Barring any major changes, Texas governments can expect to pay an extra $445m a year, their research found.

It’s a major shift in Texas’s $50b municipal bond market, the second largest in the country behind California.

After 2018’s Parkland shooting, a number of banks changed how they did business with the gun industry. Bank of America cut off funding for those that manufactured military-style rifles for civilians, while Citigroup stopped lending to retailers that didn’t conduct background checks on gunbuyers.

At the time, Citi explained the decision was a “common-sense measures that would help prevent firearms from getting into the wrong hands”.

The Texas law hasn’t entirely scared off the big lenders.
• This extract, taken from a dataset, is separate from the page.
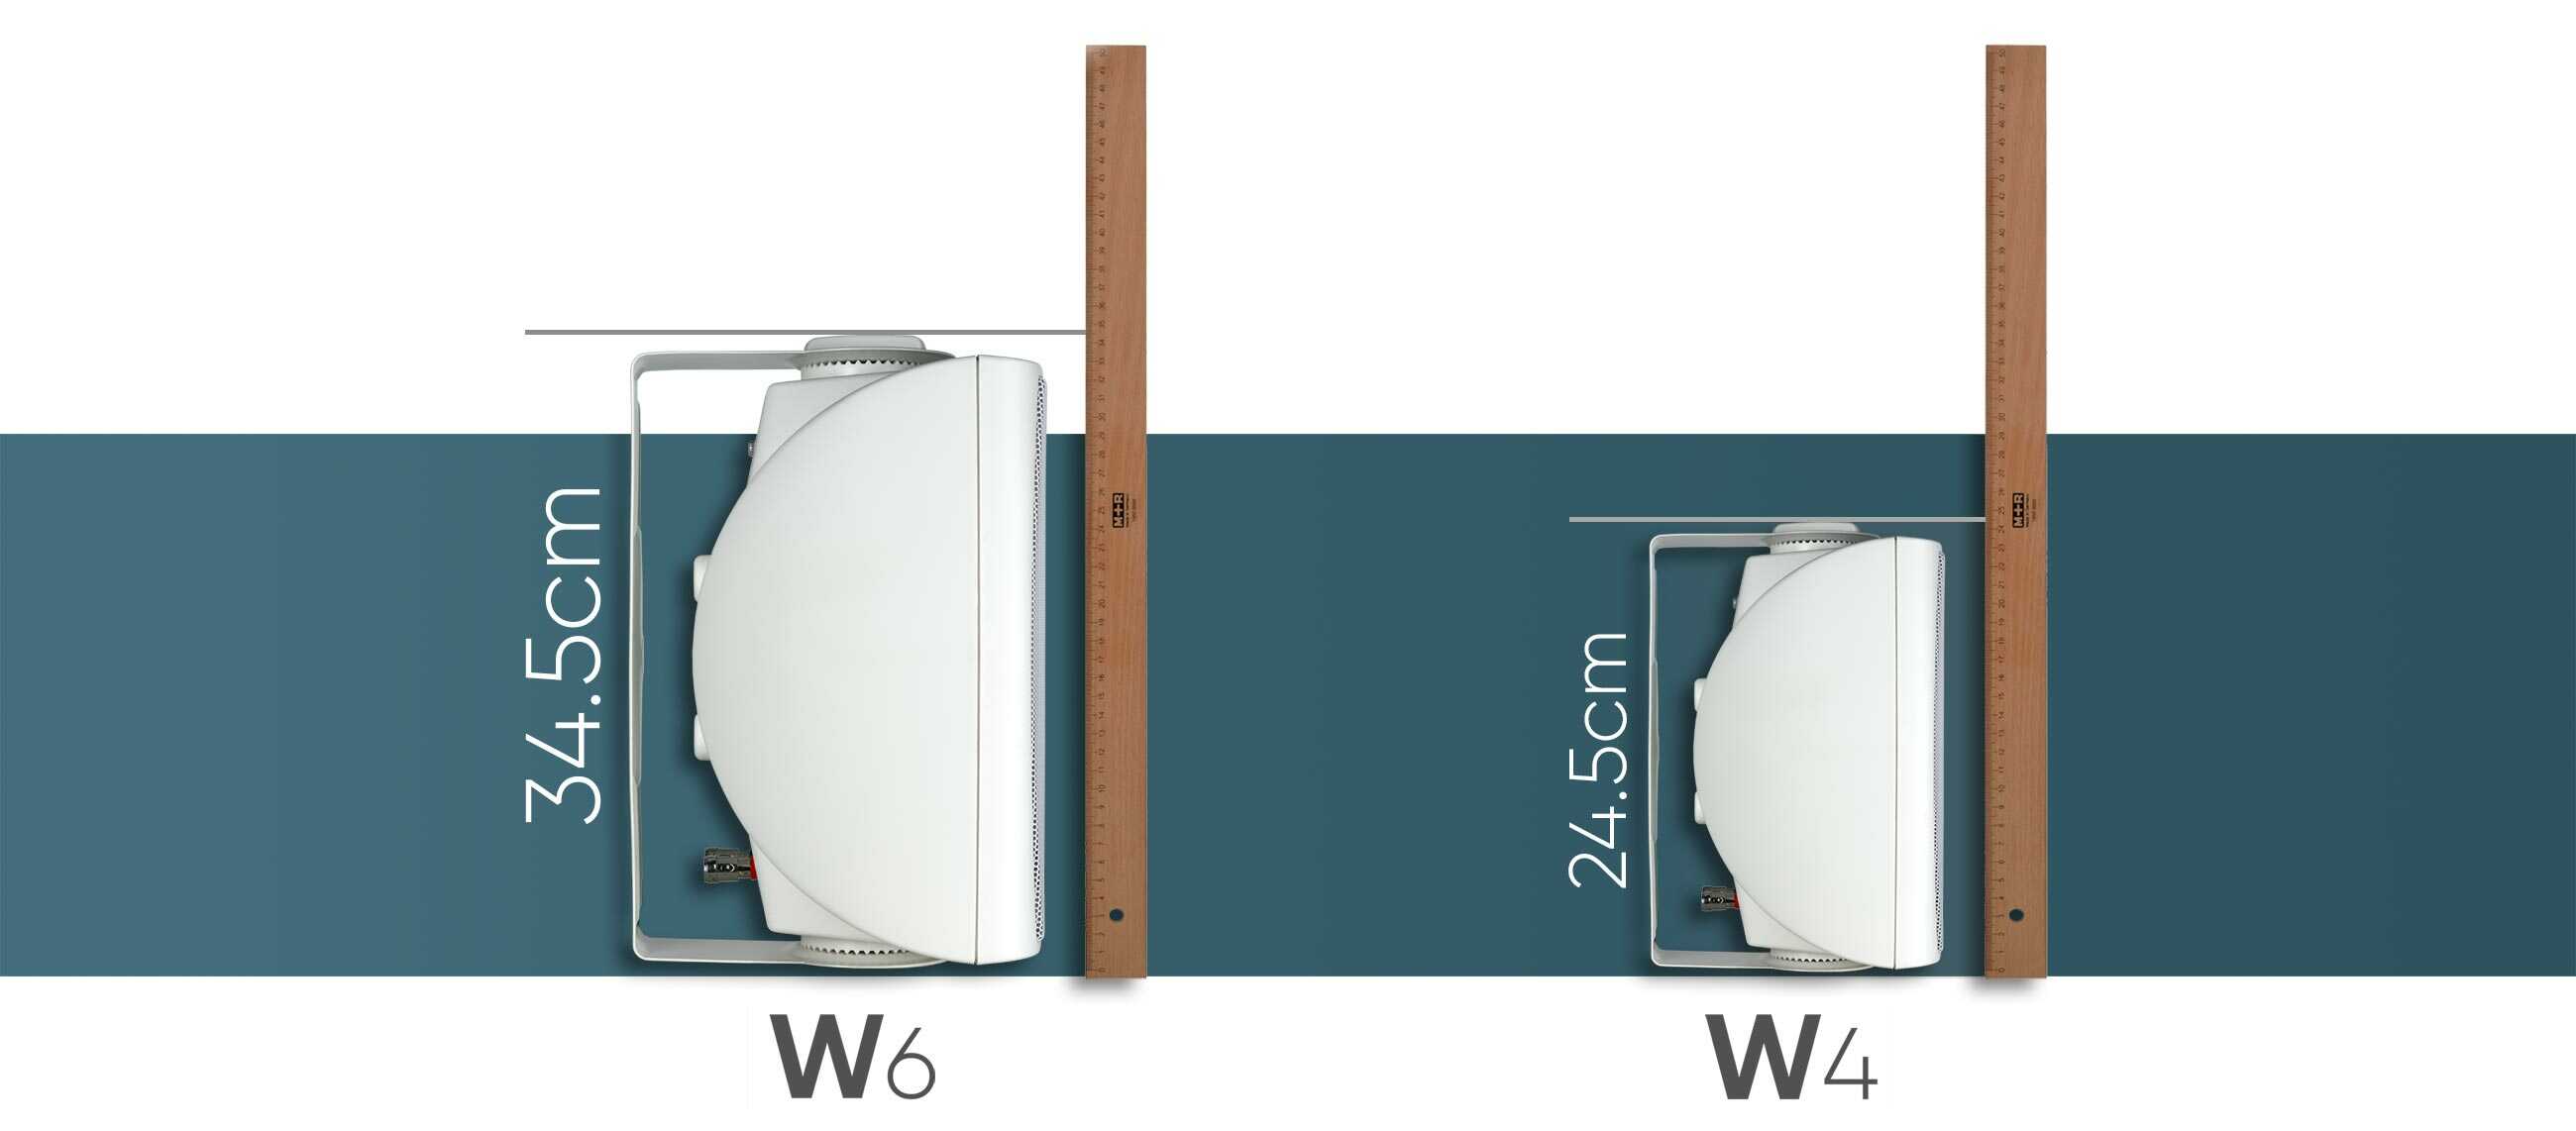 NEXT-Audiocom-w4-w6-size-dimensions
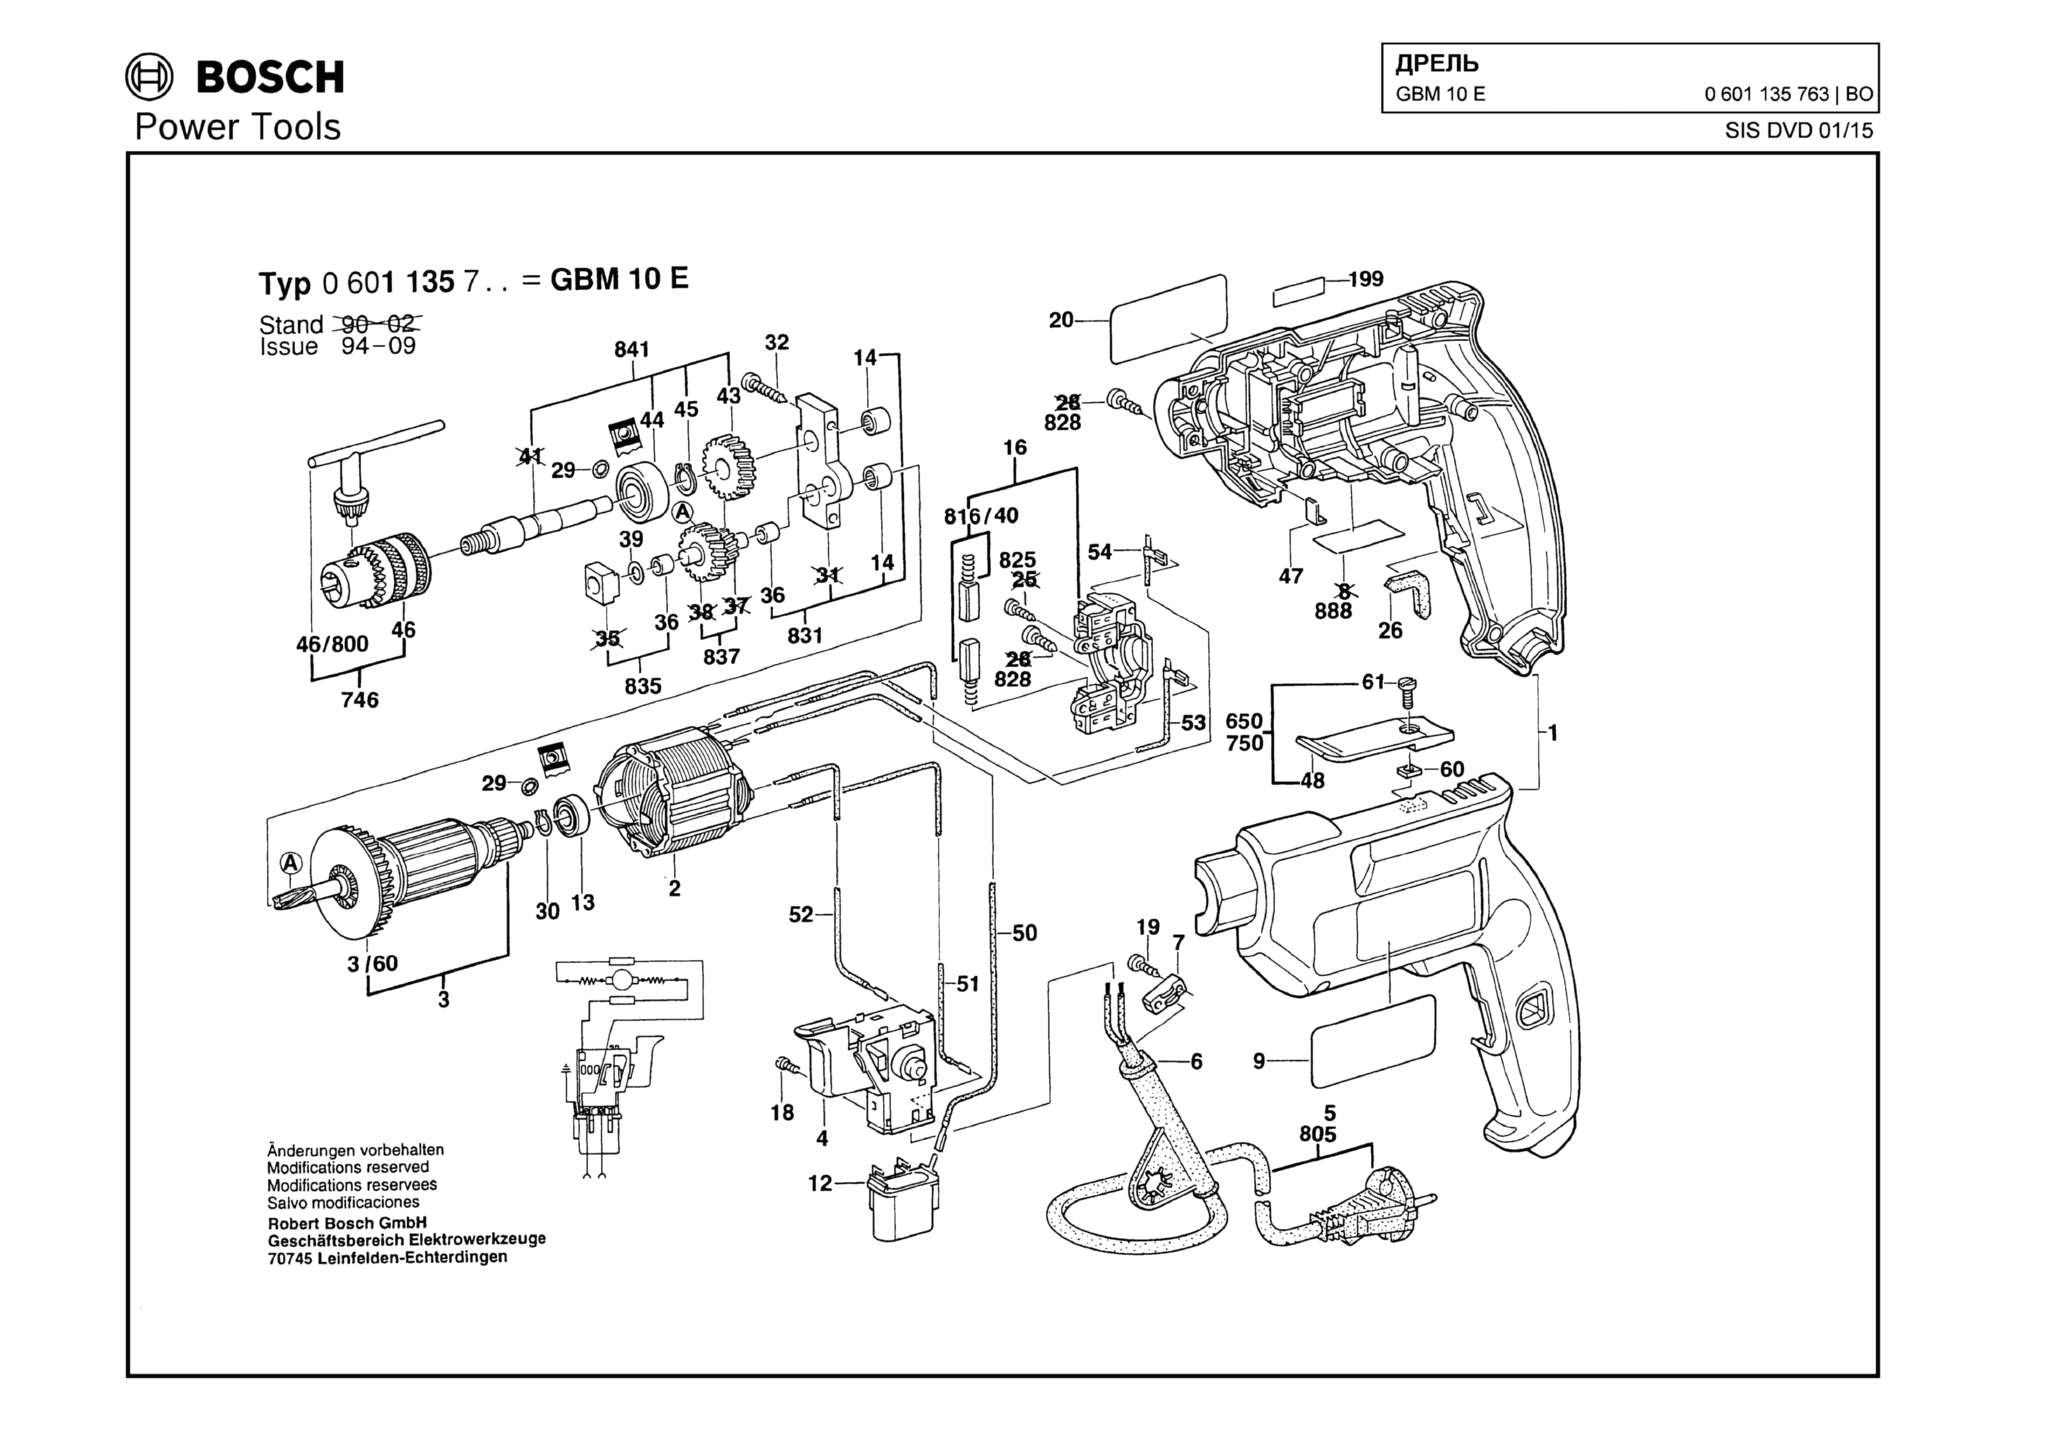 Запчасти, схема и деталировка Bosch GBM 10 E (ТИП 0601135763)

In a letter to the state attorney general in May, JPMorgan touted its “longstanding business relationships” with gun businesses and said it “anticipates continuing such relationships into the future,” arguing its revised gun policies weren’t “discrimination”, but rather a more nuanced adjustment in its priorities.

“These commercial relationships are important and valuable,” it added.

The bank has led financing for gun deals worth $708m since 2020, according to data from Dealogic.

The recent shootings in Uvalde and Buffalo haven’t inspired the same kind of environmental and social governance (ESG) policy changes at major firms that happened after Parkland.

“The banks were willing to take these stands against guns before the Texas law, so why aren’t they standing up now,” Paul A Argenti, a business professor at Dartmouth told The New York Times.

States like Georgia, Wyoming, and Oklahoma have similar anti-gun “discrimination” laws for lenders.

As investors and consumers alike demand more from business leaders on social issues, conservative states have increasingly found themselves at odds with the major corporations in their areas.

In 2021, Republican lawmakers in Georgia battled with Delta and Coca-Cola, both headquartered in the state, because they opposed a new state law making it harder to vote.

Texas has also been critical of Lyft, which said it would help employees access abortion care in other states after Texas implemented new abortion restrictions.